Ask HN: Local LLM's

version_five · 2023-08-09T23:12:41

Llama.cpp and you can download one of the quantized models directly from "thebloke" on HF. I can't 100% vouch for it because I have no idea how it builds under linux on apple silicon, I'd be very interested to know if there are any issues and how well it uses the processor.

https://github.com/ggerganov/llama.cpp https://huggingface.co/TheBloke

You should be able to at least run the 7B and probably the 13B.

For reference, I can run the 7B just fine on my 2021 Lenovo laptop with 16GB ram (and ubuntu 20.04)

Ms-J · 2023-08-17T04:58:36

Thanks, yes I've seen someone else mention trying Llama.cpp. I'll see if I can set it up, I'm new to this and will look for a guide on how to use Llama.cpp and report back as if it builds and runs well on Apple Silicon. I think it would be a nice write up for the community as there isn't too much out there about Linux on AS in general.

Patrick_Devine · 2023-08-11T15:12:27

Ollama does work on Linux, it's just that we haven't (yet) made it work with GPUs other than Metal. We'll get there soon, but we're a small team and wanted to make sure everything was working well before adding more platforms.

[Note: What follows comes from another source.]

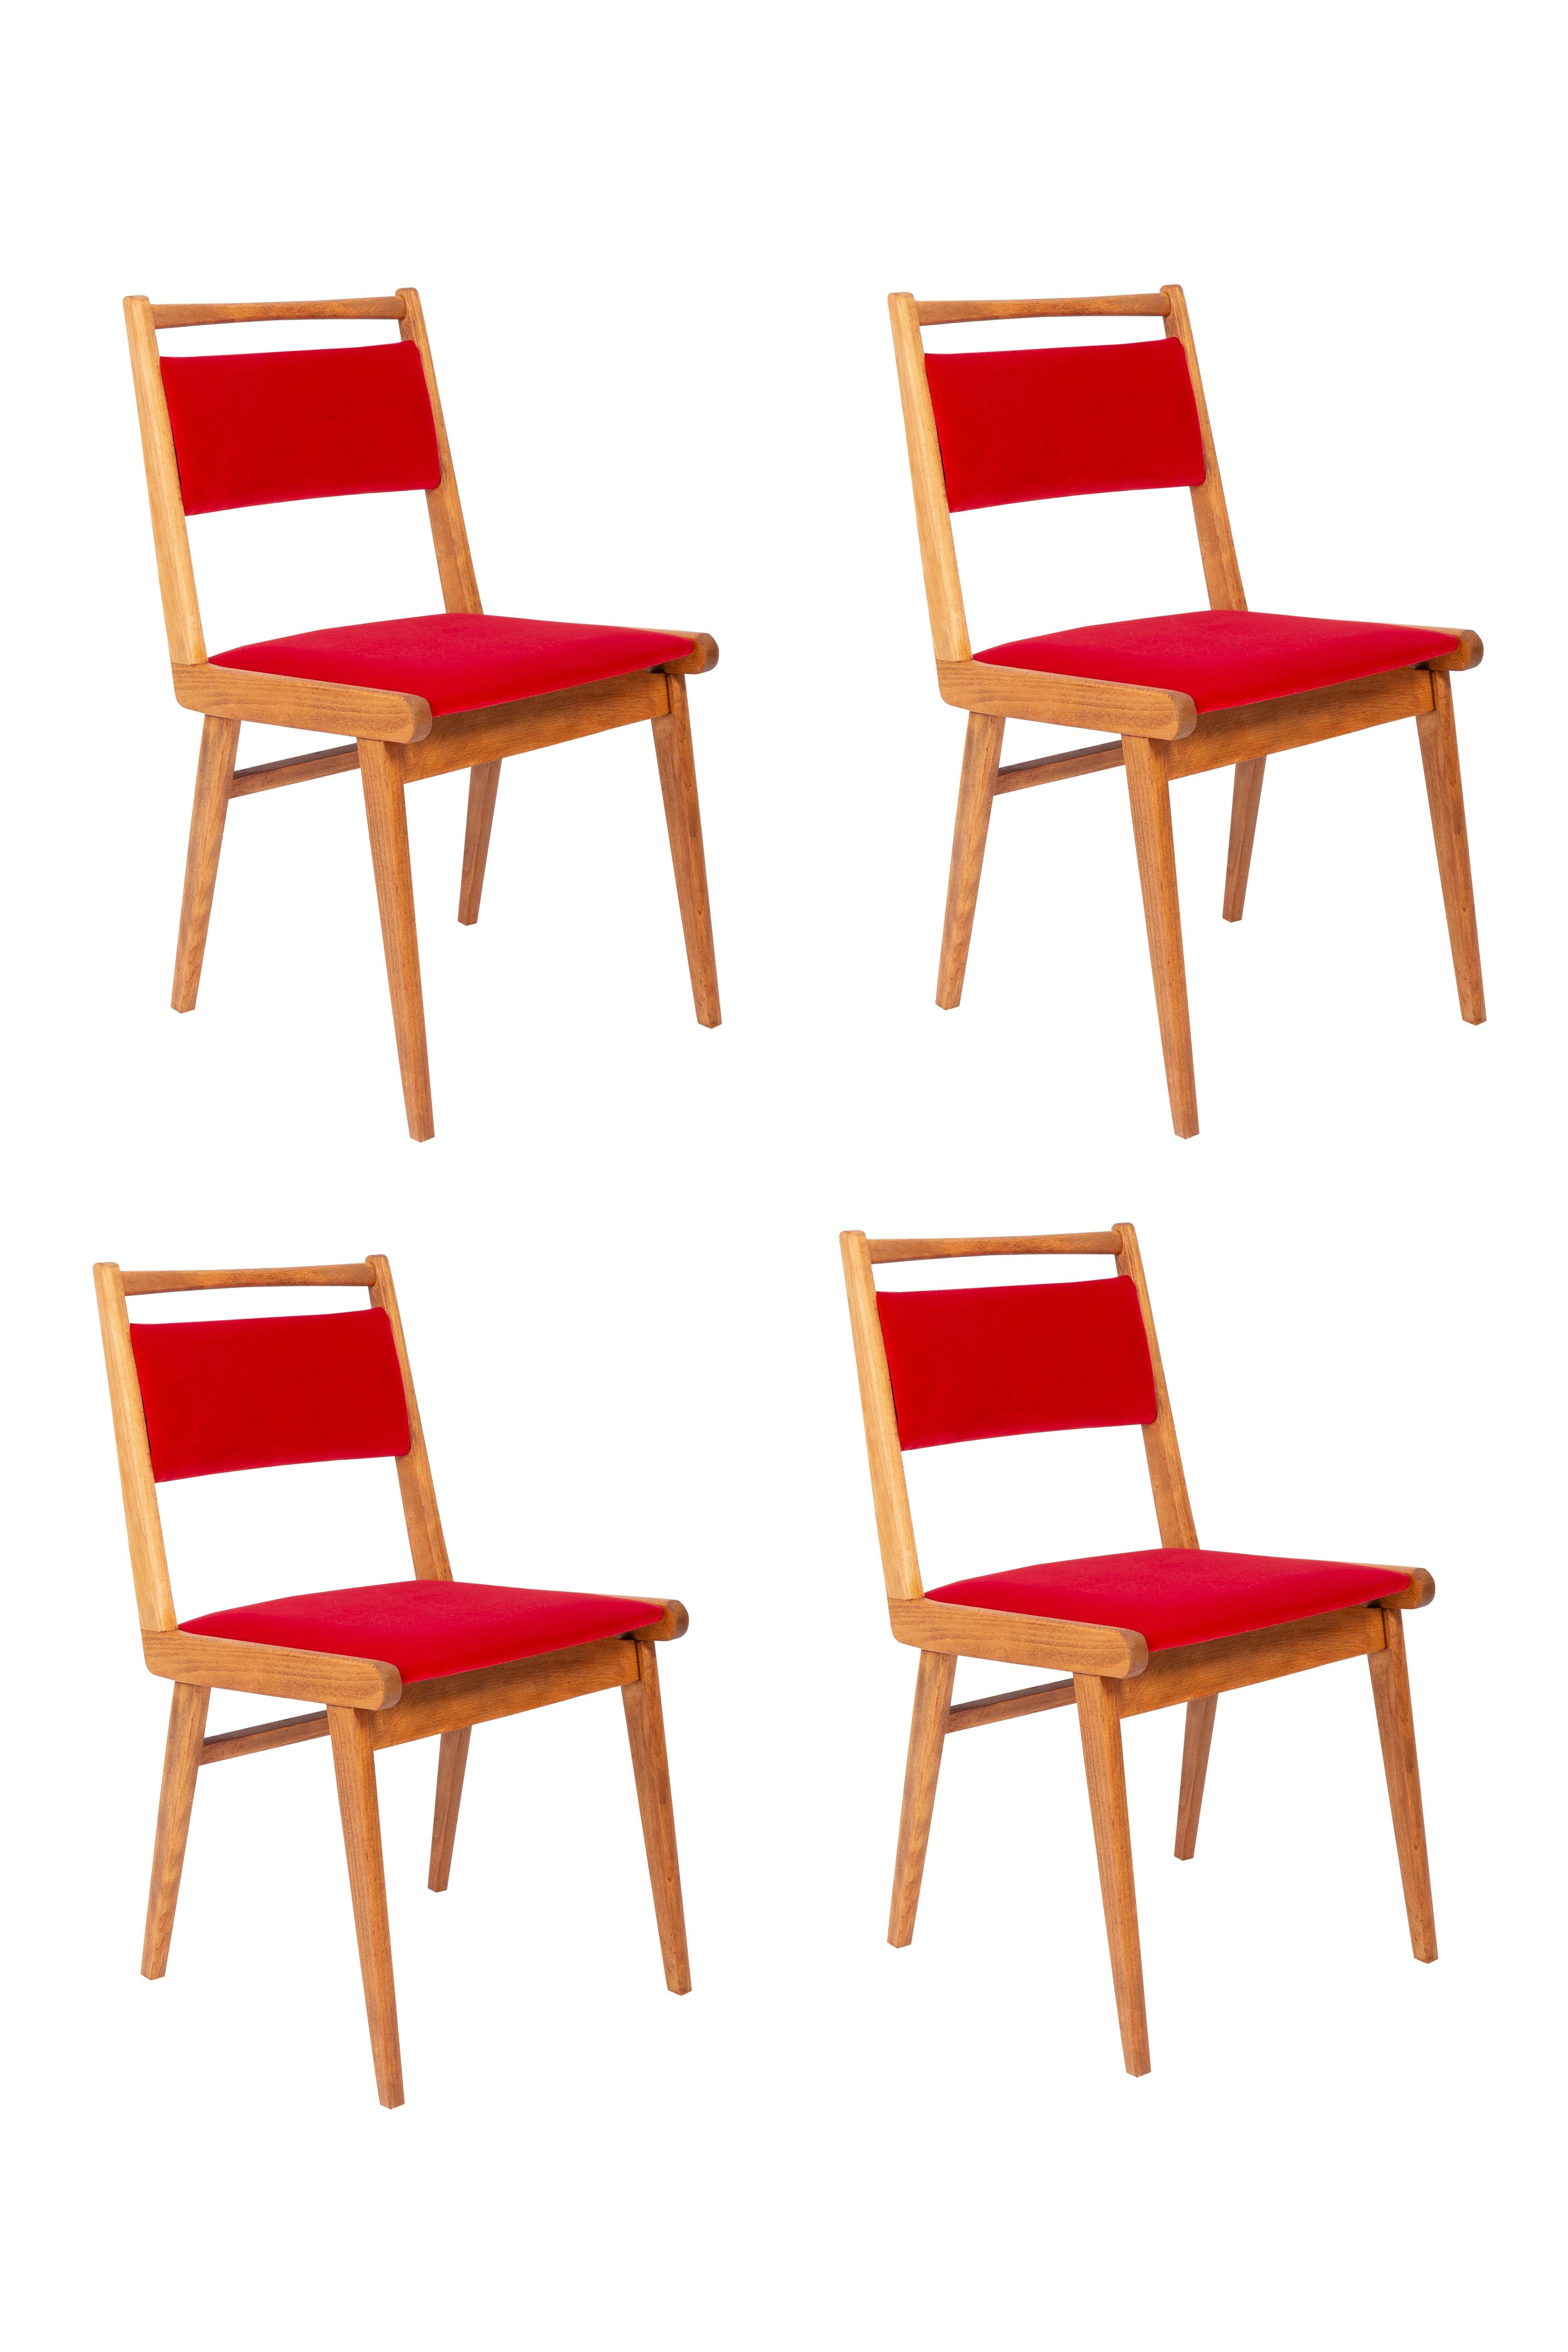 Chairs designed by Prof. Rajmund Halas. It is JAR type model. Made of beechwood. Chairs are after a complete upholstery renovation, the woodwork has been refreshed. Seat and back is dressed in a red, durable and pleasant to the touch velvet fabric.

You can build it yourself with `go build .` if you've cloned the repository.

Ms-J · 2023-08-17T04:54:41

This is great to know! Thanks for the update, I will take a look at the Linux version.

Ms-J · 2023-08-17T05:06:53

Thanks all for replying, I'm sorry I didn't realize that there were replies until now. The advice is great and I'll see if I can get some of the models I referenced running under Linux now and will report back with a write up on how it was achieved if successful.

brucethemoose2 · 2023-08-10T03:39:25

Koboldcpp (a nice frontend for llama.cpp) is The Way.

You really want to run OSX though, as its not very fast without Metal (or Vulkan). Also, you need a relatively high memory M1 model to run the better llama variants.

Ms-J · 2023-08-17T04:59:52

I'll take a look into Koboldcpp, a frontend is always nice, thanks! I do have the max specs on this M1.

fsmv · 2023-08-10T03:22:07

I believe to get the M1 efficiency for LLMs they use the Metal API which I don't think will work on Linux. You may have to dual boot to use it for ML.

gorenb · 2023-08-10T02:52:38

I use Ubuntu only on my computer, and Oobagooba text generation web ui really helped. I hope this helps you!

Ms-J · 2023-08-17T05:04:38

I've seen this mentioned in some guides I have read (I believe this is the one you are referencing: https://github.com/oobabooga/text-generation-webui) and will definitely look into it, thanks!

smoldesu · 2023-08-09T22:48:01

There shouldn't be any real roadblocks in your setup. If you can find an inferencing tool with ARM support, you should be good to go.

Ms-J · 2023-08-17T05:00:59

Do you have any suggestions? I'm new to using LLM's in general, thanks.